TASK STATEMENT: Below are entries. Copy exactly the lines running from the line that holds "ORLANDO MAGIC nba" to the line that holds "Proenza Schouler \N", with both ends included.

>>

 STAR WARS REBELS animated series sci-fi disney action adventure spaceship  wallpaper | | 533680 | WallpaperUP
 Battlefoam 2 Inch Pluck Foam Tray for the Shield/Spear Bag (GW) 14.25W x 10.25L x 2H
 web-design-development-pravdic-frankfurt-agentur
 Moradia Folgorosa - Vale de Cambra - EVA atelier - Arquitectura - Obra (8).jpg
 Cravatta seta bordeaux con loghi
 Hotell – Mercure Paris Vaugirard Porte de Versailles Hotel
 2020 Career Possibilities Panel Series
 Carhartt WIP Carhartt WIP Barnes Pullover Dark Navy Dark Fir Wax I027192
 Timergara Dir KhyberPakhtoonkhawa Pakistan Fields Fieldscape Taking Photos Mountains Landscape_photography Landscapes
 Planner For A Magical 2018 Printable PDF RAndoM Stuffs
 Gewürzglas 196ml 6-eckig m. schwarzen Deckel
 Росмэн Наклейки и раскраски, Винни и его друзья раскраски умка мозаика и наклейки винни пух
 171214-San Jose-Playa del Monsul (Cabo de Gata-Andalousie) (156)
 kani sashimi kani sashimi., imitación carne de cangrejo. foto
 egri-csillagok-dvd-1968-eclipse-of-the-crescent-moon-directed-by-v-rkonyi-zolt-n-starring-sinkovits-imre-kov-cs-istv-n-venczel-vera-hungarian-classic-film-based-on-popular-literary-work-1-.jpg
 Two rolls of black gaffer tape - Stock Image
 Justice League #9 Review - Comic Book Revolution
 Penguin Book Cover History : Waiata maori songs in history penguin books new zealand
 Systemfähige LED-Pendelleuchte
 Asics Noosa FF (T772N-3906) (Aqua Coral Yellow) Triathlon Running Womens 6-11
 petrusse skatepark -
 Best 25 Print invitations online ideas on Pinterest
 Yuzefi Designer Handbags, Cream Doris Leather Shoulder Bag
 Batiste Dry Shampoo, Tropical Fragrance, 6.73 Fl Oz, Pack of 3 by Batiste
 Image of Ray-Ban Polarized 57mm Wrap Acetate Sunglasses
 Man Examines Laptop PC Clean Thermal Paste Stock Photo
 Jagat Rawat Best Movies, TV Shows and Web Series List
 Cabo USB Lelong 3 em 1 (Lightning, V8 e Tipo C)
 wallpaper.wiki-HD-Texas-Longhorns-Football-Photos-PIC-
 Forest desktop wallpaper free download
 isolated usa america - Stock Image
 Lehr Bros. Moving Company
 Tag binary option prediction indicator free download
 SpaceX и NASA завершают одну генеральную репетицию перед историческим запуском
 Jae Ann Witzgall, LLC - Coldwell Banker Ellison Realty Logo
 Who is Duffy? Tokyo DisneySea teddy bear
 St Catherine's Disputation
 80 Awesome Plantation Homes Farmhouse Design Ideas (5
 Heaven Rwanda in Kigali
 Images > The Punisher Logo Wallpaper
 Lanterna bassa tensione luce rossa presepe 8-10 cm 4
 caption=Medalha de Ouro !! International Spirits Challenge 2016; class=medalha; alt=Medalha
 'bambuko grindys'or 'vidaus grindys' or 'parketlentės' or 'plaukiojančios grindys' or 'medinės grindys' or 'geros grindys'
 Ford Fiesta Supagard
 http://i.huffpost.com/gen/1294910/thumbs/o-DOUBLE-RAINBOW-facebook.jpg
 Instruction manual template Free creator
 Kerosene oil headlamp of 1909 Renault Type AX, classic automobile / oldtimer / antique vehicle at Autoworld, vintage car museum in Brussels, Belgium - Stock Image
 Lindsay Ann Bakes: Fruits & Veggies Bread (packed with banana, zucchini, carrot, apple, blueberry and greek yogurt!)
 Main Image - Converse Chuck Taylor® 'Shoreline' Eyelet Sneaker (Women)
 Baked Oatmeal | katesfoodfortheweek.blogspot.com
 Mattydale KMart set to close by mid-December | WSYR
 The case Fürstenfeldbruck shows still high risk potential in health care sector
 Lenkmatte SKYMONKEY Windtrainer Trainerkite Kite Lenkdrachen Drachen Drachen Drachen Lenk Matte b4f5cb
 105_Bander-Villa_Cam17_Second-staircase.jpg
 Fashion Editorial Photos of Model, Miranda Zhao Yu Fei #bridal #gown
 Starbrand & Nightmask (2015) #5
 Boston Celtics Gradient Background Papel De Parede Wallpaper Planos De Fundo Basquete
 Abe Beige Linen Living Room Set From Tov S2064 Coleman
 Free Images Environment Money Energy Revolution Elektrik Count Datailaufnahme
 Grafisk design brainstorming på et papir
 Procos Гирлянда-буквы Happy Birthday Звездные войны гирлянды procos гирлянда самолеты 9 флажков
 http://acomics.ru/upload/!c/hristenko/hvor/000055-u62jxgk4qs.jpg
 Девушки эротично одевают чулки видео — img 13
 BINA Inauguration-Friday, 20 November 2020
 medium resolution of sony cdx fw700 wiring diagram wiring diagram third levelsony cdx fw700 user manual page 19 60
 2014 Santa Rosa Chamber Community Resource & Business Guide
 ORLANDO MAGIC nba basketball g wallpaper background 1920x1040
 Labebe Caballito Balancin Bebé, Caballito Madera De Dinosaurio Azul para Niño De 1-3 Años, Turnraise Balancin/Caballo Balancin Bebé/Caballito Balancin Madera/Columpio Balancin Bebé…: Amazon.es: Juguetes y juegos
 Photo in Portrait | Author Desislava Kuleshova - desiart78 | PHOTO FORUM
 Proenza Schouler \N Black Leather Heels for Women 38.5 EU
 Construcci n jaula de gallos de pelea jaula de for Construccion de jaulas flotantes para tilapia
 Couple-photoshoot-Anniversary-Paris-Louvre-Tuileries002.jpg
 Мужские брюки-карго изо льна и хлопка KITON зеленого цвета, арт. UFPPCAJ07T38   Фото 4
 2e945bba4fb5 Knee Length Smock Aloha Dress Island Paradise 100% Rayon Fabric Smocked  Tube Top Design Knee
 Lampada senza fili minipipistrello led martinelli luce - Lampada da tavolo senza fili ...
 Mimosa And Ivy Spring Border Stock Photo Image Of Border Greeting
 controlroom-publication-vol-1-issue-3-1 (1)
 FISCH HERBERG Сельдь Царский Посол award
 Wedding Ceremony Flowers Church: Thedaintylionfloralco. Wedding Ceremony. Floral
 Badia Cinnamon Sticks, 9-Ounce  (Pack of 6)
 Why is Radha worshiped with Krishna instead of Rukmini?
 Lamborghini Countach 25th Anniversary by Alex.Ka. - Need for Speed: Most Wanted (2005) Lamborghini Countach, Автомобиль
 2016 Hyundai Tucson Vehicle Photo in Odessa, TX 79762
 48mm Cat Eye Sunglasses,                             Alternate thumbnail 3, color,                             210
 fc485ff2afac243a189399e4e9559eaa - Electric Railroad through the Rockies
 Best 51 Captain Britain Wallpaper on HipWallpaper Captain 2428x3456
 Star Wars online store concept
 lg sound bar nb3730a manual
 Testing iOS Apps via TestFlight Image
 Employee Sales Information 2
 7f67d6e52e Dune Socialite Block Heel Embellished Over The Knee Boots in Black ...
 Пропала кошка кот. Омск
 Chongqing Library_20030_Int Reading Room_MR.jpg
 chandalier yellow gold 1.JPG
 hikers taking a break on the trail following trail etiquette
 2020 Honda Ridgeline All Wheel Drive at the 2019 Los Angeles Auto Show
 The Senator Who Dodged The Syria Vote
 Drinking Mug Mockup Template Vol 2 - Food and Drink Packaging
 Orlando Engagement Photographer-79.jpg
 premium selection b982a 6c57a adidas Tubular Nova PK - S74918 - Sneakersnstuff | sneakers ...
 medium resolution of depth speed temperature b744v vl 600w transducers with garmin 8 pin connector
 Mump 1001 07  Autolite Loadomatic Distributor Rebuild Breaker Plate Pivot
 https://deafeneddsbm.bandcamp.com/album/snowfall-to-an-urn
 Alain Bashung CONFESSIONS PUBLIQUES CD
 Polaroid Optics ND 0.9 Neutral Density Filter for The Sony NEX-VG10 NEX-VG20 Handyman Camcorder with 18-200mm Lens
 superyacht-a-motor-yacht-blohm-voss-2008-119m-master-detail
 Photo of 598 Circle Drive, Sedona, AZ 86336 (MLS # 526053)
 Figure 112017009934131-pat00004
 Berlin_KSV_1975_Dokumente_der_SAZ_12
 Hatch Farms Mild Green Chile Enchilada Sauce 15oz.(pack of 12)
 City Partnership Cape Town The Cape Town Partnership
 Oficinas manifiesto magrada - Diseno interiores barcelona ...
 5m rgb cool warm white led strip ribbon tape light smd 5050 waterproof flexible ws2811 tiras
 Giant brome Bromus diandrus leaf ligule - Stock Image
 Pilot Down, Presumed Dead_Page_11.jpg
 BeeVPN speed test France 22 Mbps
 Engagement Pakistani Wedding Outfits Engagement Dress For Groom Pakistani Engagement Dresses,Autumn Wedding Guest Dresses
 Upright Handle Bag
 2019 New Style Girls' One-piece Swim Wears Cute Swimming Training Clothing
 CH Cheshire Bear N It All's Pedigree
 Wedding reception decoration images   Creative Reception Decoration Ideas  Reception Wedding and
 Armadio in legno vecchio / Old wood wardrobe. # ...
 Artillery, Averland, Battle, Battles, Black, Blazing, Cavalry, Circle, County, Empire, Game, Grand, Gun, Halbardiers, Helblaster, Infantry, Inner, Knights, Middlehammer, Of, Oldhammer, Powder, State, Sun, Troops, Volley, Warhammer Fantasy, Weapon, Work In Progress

<<

OUTPUT BELOW:
 ORLANDO MAGIC nba basketball g wallpaper background 1920x1040
 Labebe Caballito Balancin Bebé, Caballito Madera De Dinosaurio Azul para Niño De 1-3 Años, Turnraise Balancin/Caballo Balancin Bebé/Caballito Balancin Madera/Columpio Balancin Bebé…: Amazon.es: Juguetes y juegos
 Photo in Portrait | Author Desislava Kuleshova - desiart78 | PHOTO FORUM
 Proenza Schouler \N Black Leather Heels for Women 38.5 EU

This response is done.